PostgreSQL full-text search using Ecto

21 January, 2018

PostgreSQL is one of the most popular, stable and common relational database. It’s widely used in Elixir infrastructure and has a great integration with Ecto library.

If you’re into web development you can often face the search problem. You have a large stable database, you have tons of useful information, great tools, but your users desire to find something by arbitrary questions. You can’t use your favourite plain SELECT … WHERE … queries because you need to search for the words, not columns or records.

This if what the full text search stands for.

Fortunately, PostgreSQL has a built-in support of the full-text search. It allows you to parse your data into tokens, convert these tokens to lexemes - normalised forms of words - and, finally, search and make search optimisations.

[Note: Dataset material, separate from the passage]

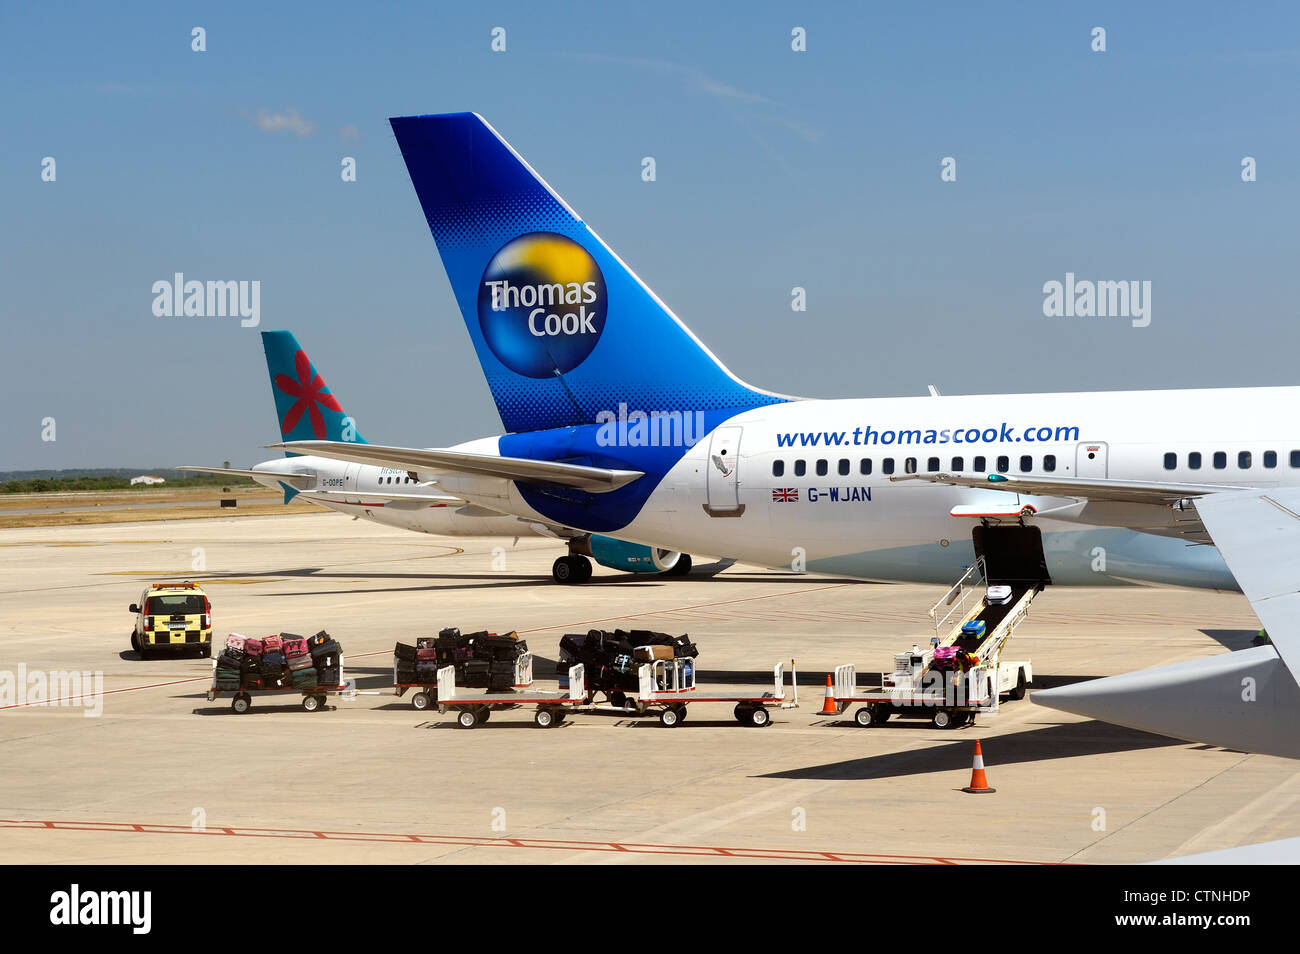 Bagagli dei passeggeri vengono caricate su thomas cook.com airbus Boeing 757-200 Mahon Minorca spagna Foto Stock

Let’s start by creating a migration. Create a new Elixir project and a new migration in priv/repo/migrations:

defmodule App.Repo.Migrations.IntroducePgSearch do
  @moduledoc """
  Create postgres extension and indices
  """

  use Ecto.Migration

  def up do
    execute("CREATE EXTENSION pg_trgm")
  end

  def down do
    execute("DROP EXTENSION pg_trgm")
  end
end

As you can see, we will use PostgreSQL extension called pg_trgm. Run ecto.migrate to execute this migration. Now you can use trigram indices and trigram matching for your full-text search.

Create a search module

Our next step will be creating a search module. Let’s suppose that you already have a User schema with a username, first name and last name defined. In that case we can implement a simple search query that can be used in your contexts or controllers:

defmodule App.Users.Search do
  @moduledoc """
  Implementation of the full-text user search
  """

  import Ecto.Query

  @spec run(Ecto.Query.t(), any()) :: Ecto.Query.t()
  def run(query, search_term) do
  end
end

As you can see here, we’re defining the run function that will accept another Ecto.Query with the search term and will return Ecto.Query though.

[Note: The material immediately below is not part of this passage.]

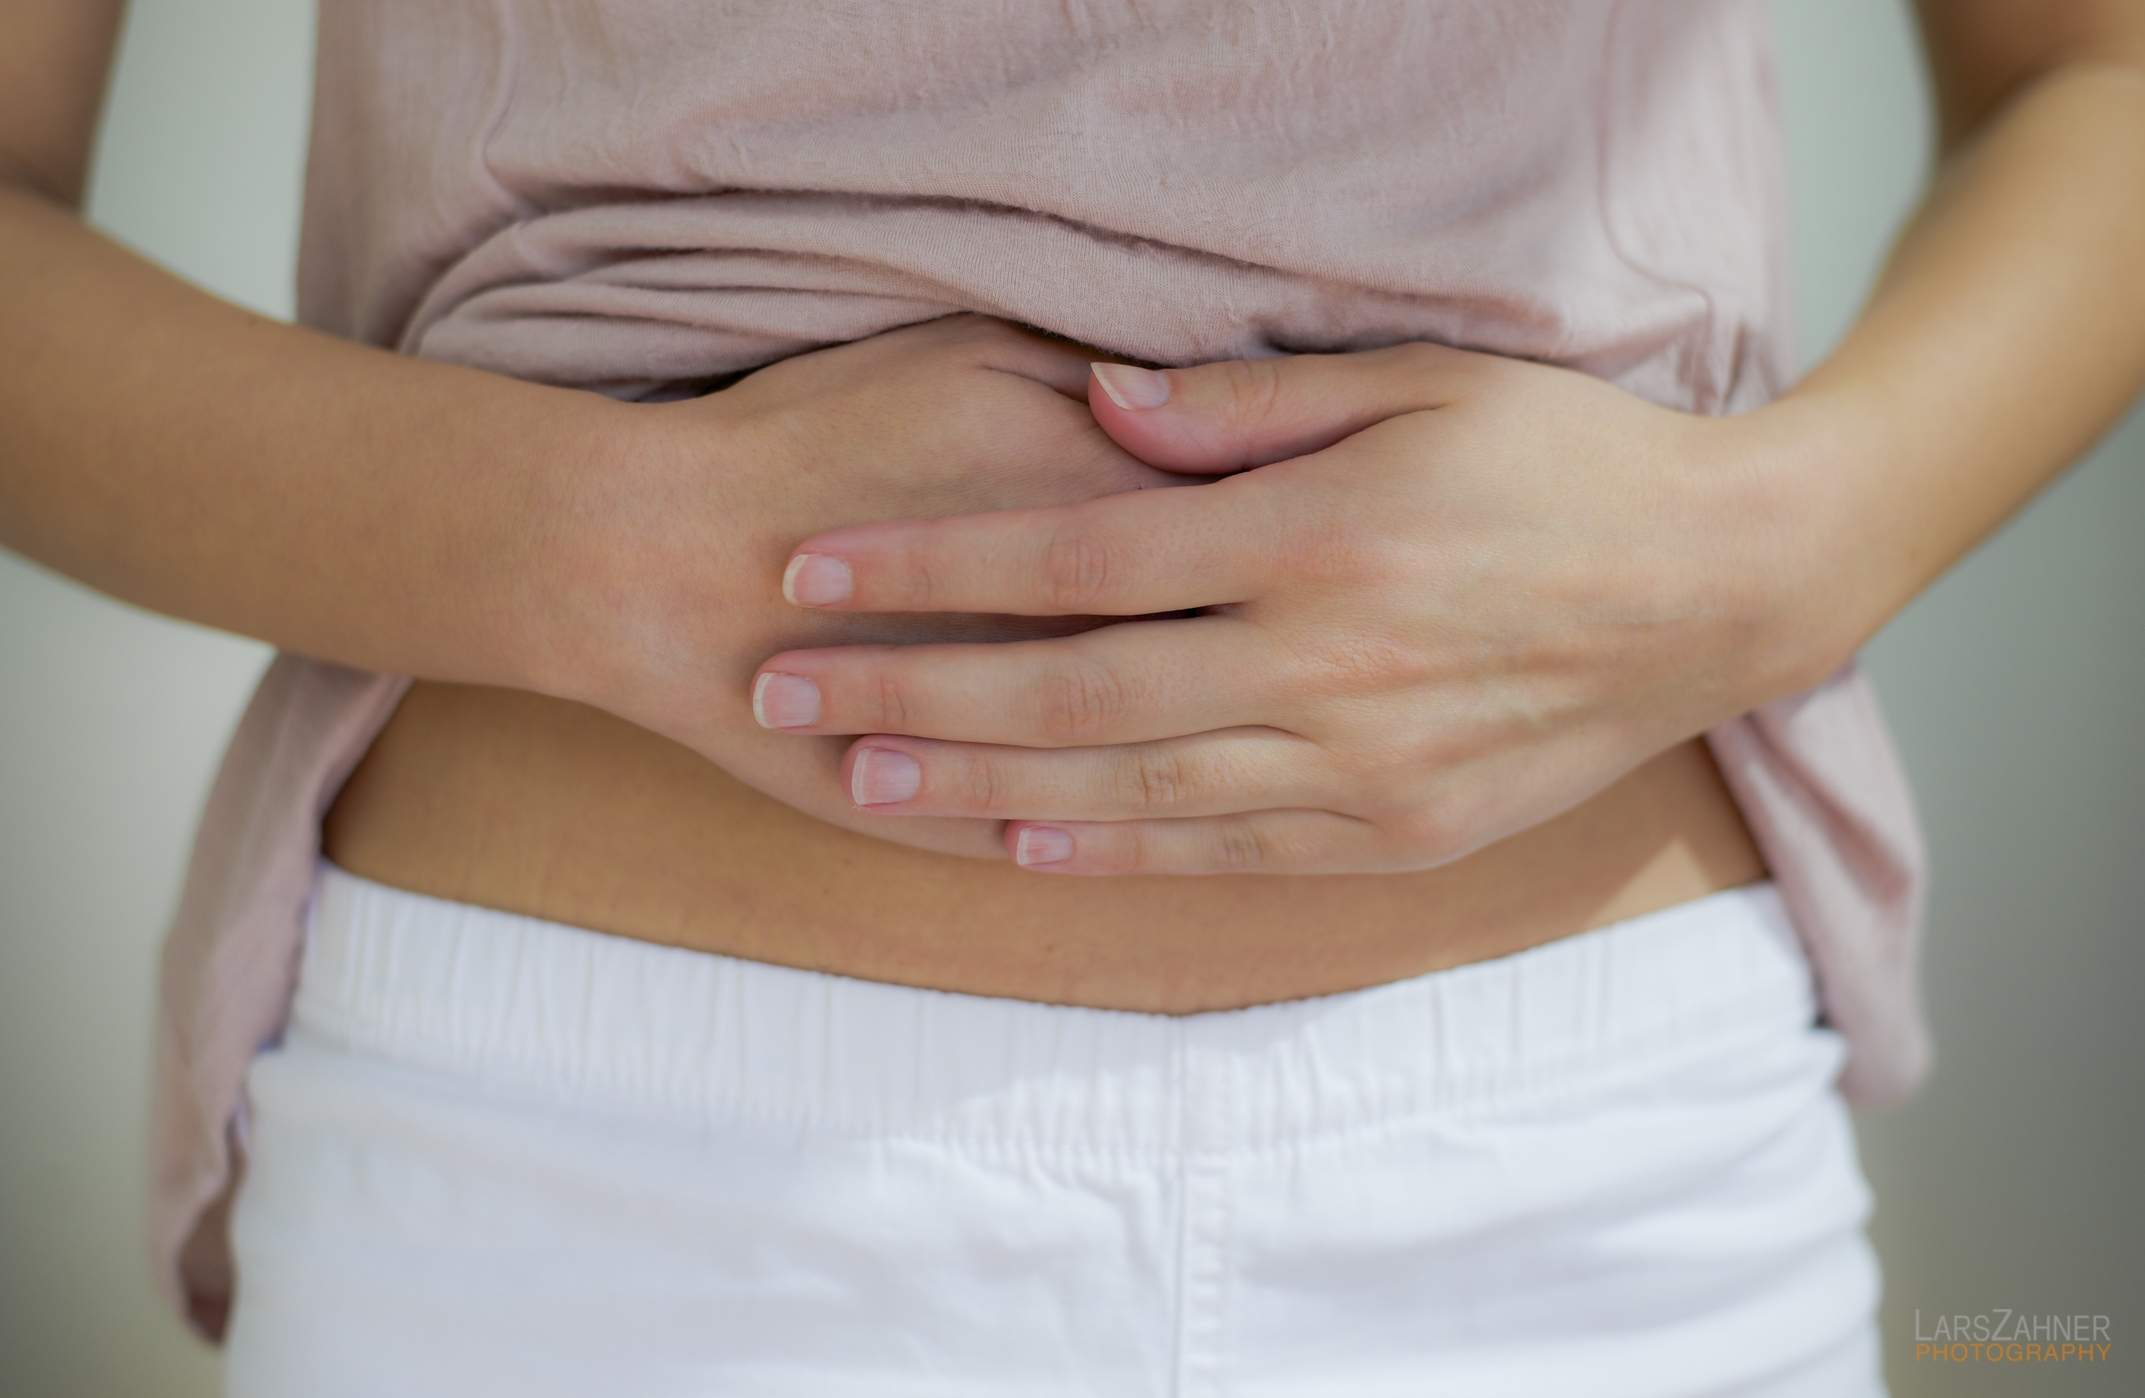 Estresse e ansiedade so fatores de risco para a endometriose CLAUDIA

We need to escape all of non-words characters from user’s input:

String.replace(term, ~r/\W/u, "")

Also we need to allow to search by prefix - beginning of the word. Let’s add :* to our search term*:

defp prefix_search(term), do: String.replace(term, ~r/\W/u, "") <> ":*"

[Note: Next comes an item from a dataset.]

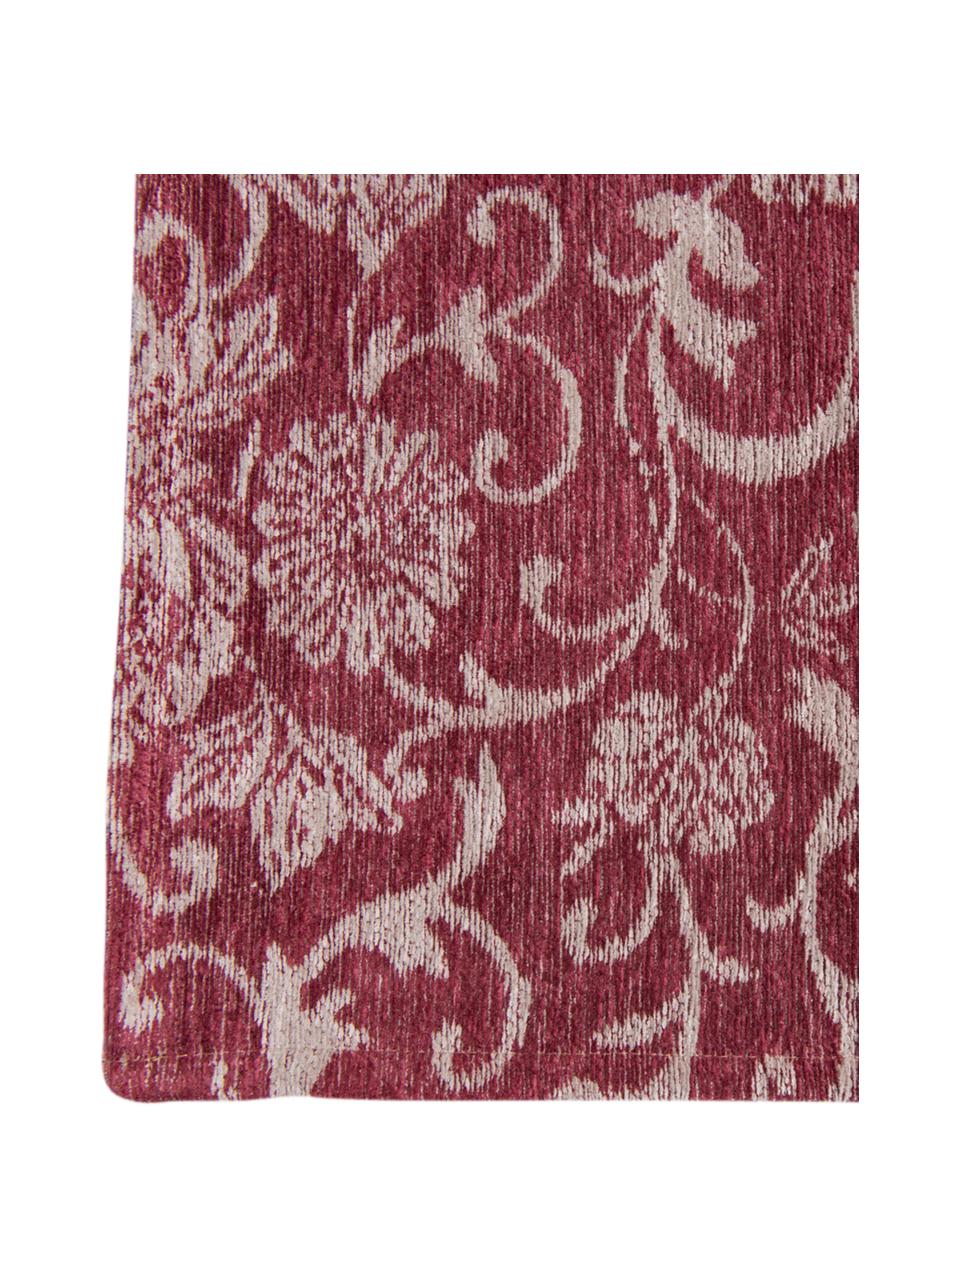 Žinylkový koberec s patchworkovým vzorem Multi, Červená, béžová, černá

Now we need to implement the search by using Ecto’s fragment macro and to_tsquery PostgreSQL function:

def run(query, search_term) do
    where(
      query,
      fragment(
        "to_tsvector('english', username || ' ' || first_name || ' ' || coalesce(last_name, ' ')) @@
        to_tsquery(?)",
        ^prefix_search(search_term)
      )
    )
  end

Let’s take a look at the implementation. At first, we need to compose a search token by joining columns:

to_tsvector('english', username || ' ' || first_name || ' ' || coalesce(last_name, ' ')) @@ to_tsquery(?)

Created tsvector will be tested by operator @@ with tsquery and will return the result if the matching was sucessful.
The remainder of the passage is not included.